It was against this backdrop of violence, an economy in which three-quarters of Haitians lived on less than two dollars a day, and a country where hope had vanished, that Mr Aristide emerged in the Port-au-Prince slum of La Saline. Preaching a mix of political empowerment and liberation theology from his pulpit in Saint John Bosco's church, he gradually built up so much popular support that his opponents felt threatened enough to firebomb his chapel during mass, with the loss of 12 lives.
"In a dark corner of our little world I take up my pen to write to you," Aristide would later write to his supporters. "The light I set by my side to illuminate my task is a faint light but it will grow stronger as I write because it is the light of solidarity."
Aristide was elected with a landslide in a 1990 election, but his tenure did not last long. His opponents, covertly supported by the CIA, carried out a coup the following year. The exiled leader would be reinstalled by the Clinton administration and then re-elected for a second term in 2000.
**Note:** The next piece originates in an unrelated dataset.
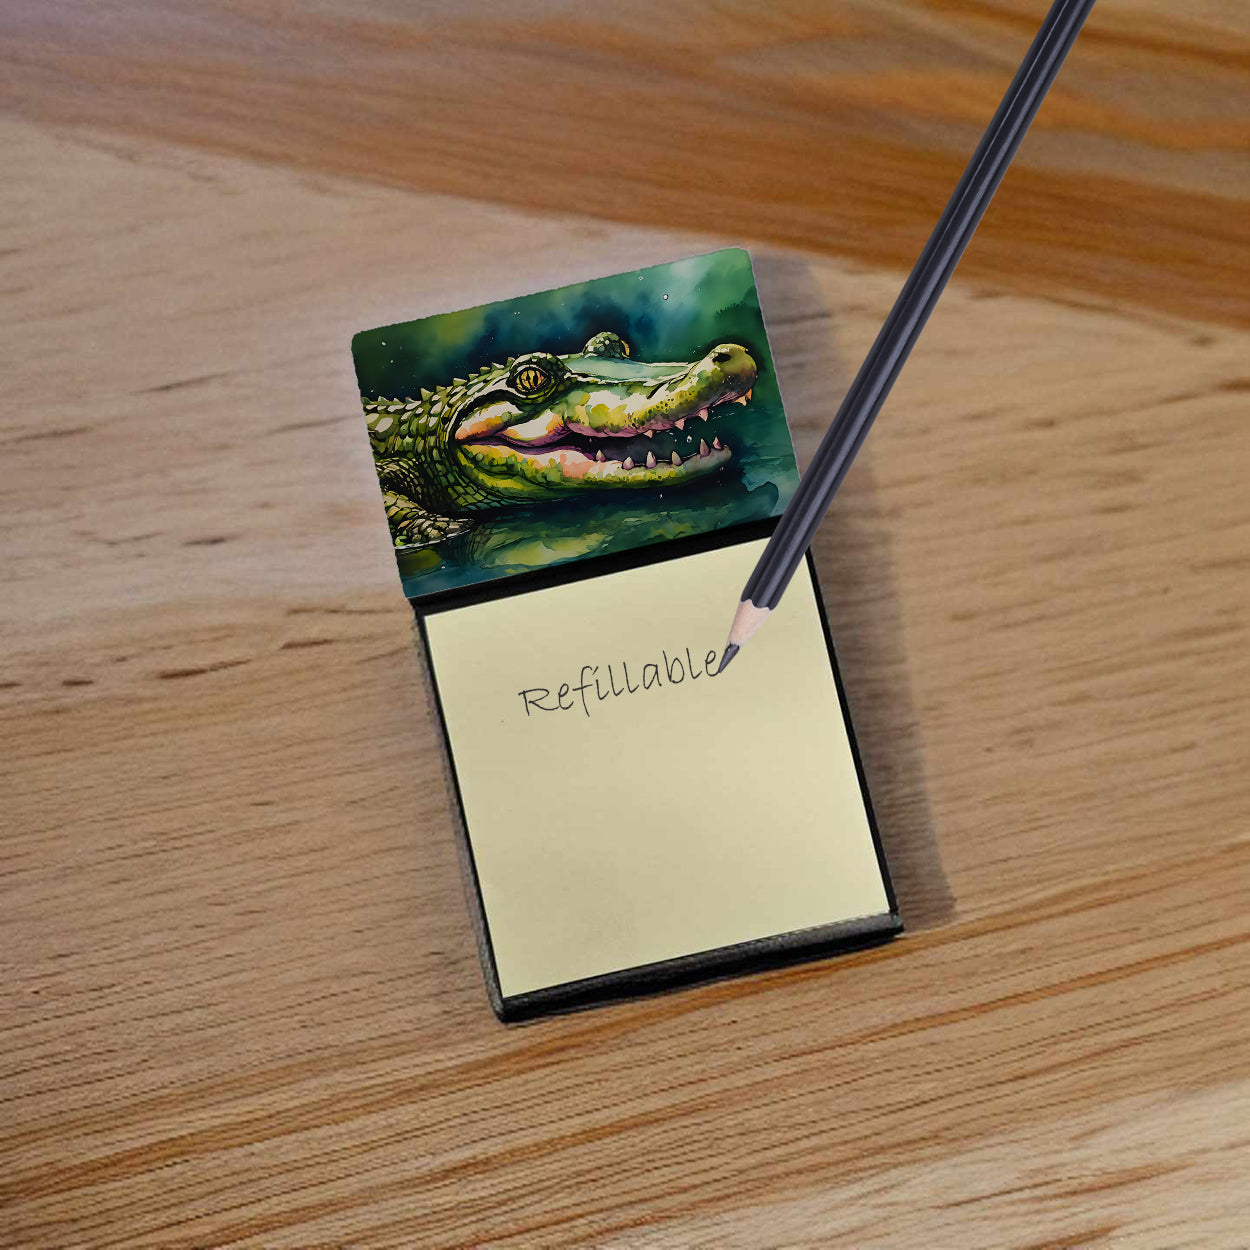 Buy this Alligator Sticky Note Holder

He remained highly popular among the Creole-speaking poor, but his policies calling for higher wages and resisting demands to liberalise the economy continued to anger Haiti's elite as well as powerful elements in Washington.
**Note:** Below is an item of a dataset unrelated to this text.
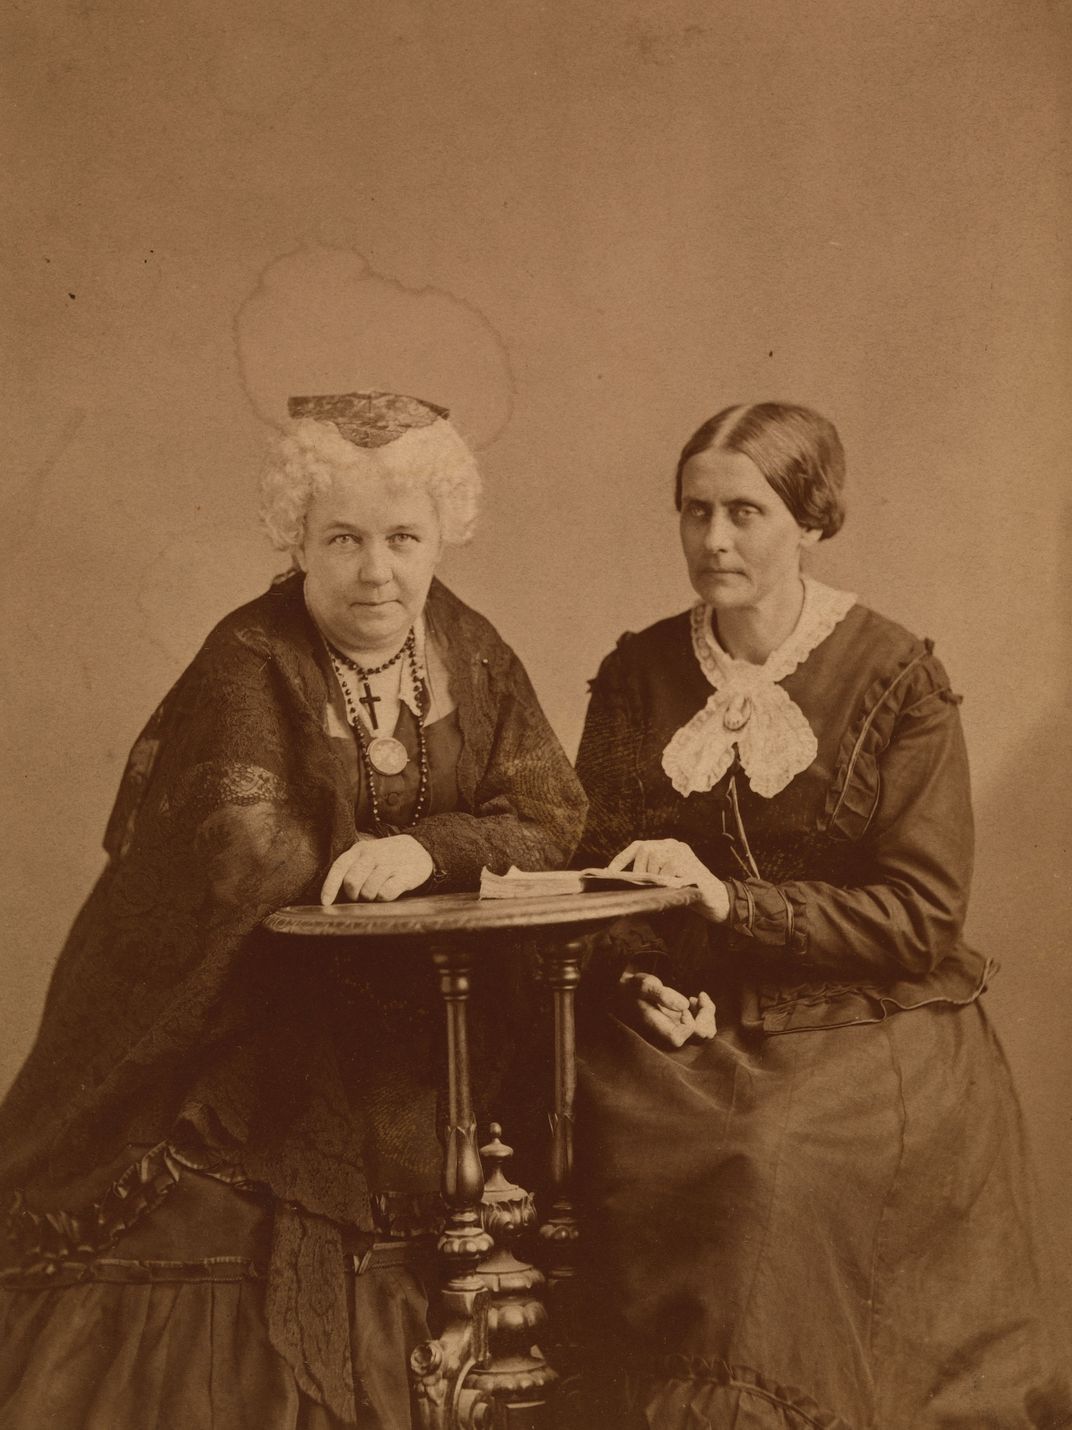 Elizabeth Cady Stanton, Susan B. Anthony

Loans worth $500m were blocked, and when his enemies turned on him a second time no-one was prepared to help. Indeed, there is evidence the Bush administration prevented additional private security guards, contracted to Aristide's government, from reaching Haiti. When René Préval, Haiti's current president, was elected in 2006, he said there was nothing preventing Aristide from returning to Haiti, though it is likely that a tacit understanding between the US and Aristide's opponents in Port-au-Prince has kept him in South Africa.
Aristide was not unblemished. There is evidence, for instance, that during his second term his supporters resorted to violence to silence his opponents. Yet were he to be given the opportunity to place his hands once more on the tiller of his country's history, it is likely he would receive a hero's welcome among those currently suffering the most.
Kevin Pina, a US filmmaker who was in Port-au-Prince two weeks ago, said. "If he were to return, people would mobilise. Tens of thousands would mobilise like that. With just picks and shovels they would clean up the mess in just a month. They still love him that much."